# 20" and still snowing



## Canada (Oct 24, 2006)

I'm guessing that is what I jest cleared from my deck. Get in your car and get to Utah!!


----------



## Canada (Oct 24, 2006)

*18" anyway*

Alright, my male perspective got the best of me, but still 18" isn't bad. See you in line at 8:30!! cool to see the whole state lit up with Monster Dump status. It's been to long since the last good dump.

Ski Utah: The Greatest Snow on Earth - All Resort Snow Report


----------



## Dave Frank (Oct 14, 2003)

Save some for CO. Hoping for a powder day myself tomorrow.


----------



## Canada (Oct 24, 2006)

*Epic ending to a season*

The bird and alta both reporting over 30 in the last 48hrs. Snow every day through next wednesday. What an awesom ending to a very average season. What a great day yesterday!! I think there was never more than two people in front of me in line on Jupiter with that incredible snow. Definitely a good day! 

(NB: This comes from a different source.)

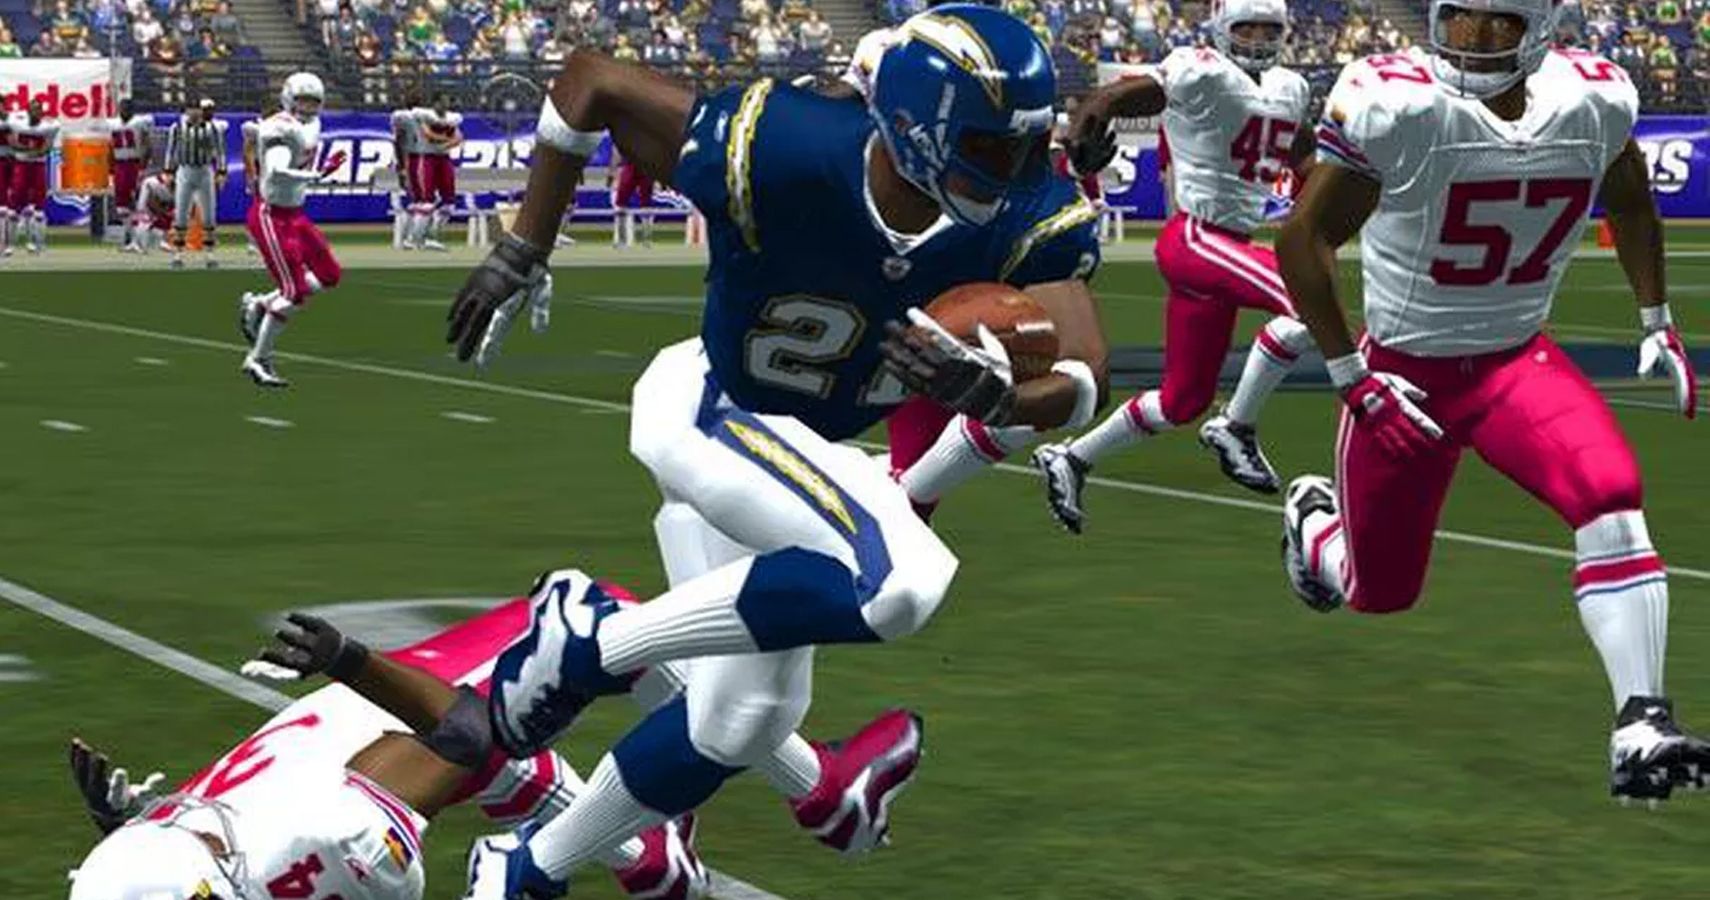 2K Will Be Making NFL Games For The First Time In Over 15 Years
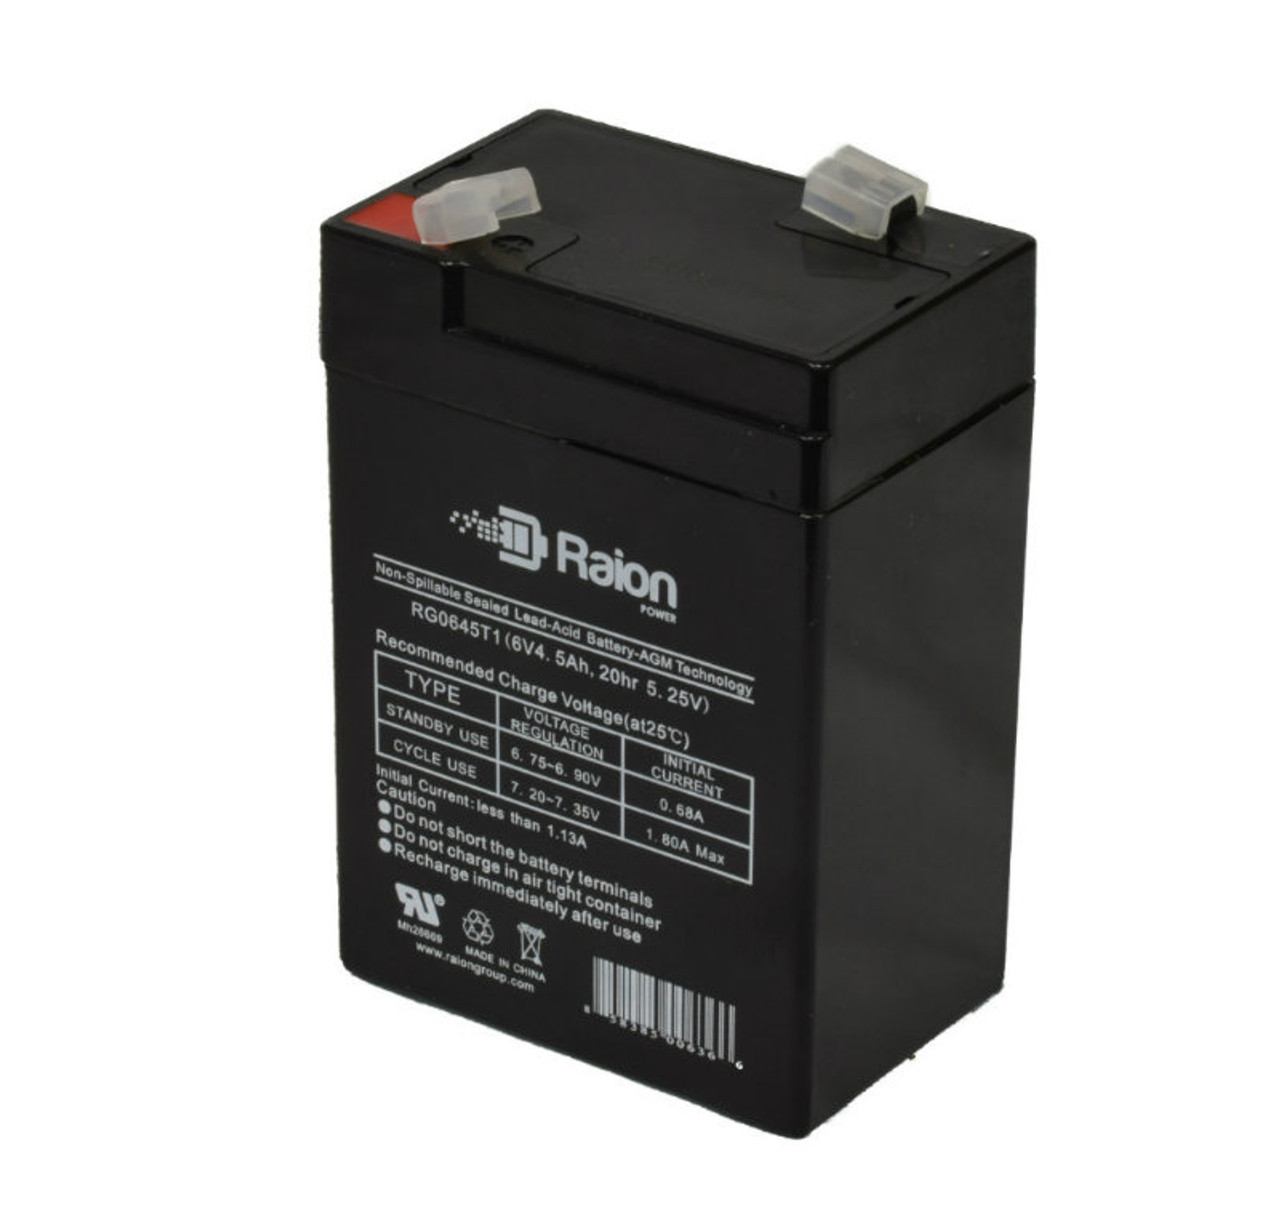 Raion Power RG0645T1 6V 4.5Ah Replacement Battery Cartridge for Dual-Lite WEP

Dave, I hope some of it hits your turf!!


----------



## Dave Frank (Oct 14, 2003)

Six inches of dust on some pretty sun-baked crust this morning. I guess it was a powder day. Utah sounds sick right now.


----------



## slamkal (Apr 8, 2009)

hey you guys better not be praying for snow in the idaho basin that feeds the middle fork ... we have a early june launch date and I'm kinda banking on there being a low snowpack ...


----------



## Canada (Oct 24, 2006)

*60' in seven days and more coming tonight*

Pretty great ending to the season. I don't know about Idaho, but the Northern Utah is trying to get back up to an average snow year.


----------



## lmyers (Jun 10, 2008)

Wow, Canada 60'...I think you mean 60"....but that is awesome! Sounds like you guys should end up having a decent runoff too. Wish I could head out there to do some skiing and exploration...I'm done with the resorts around here, but still feel a few more good bc days in me.

Cheers to Spring storms!


----------



## Canada (Oct 24, 2006)

*so what if I can't spell or write,*

we got another 25" last night!!


----------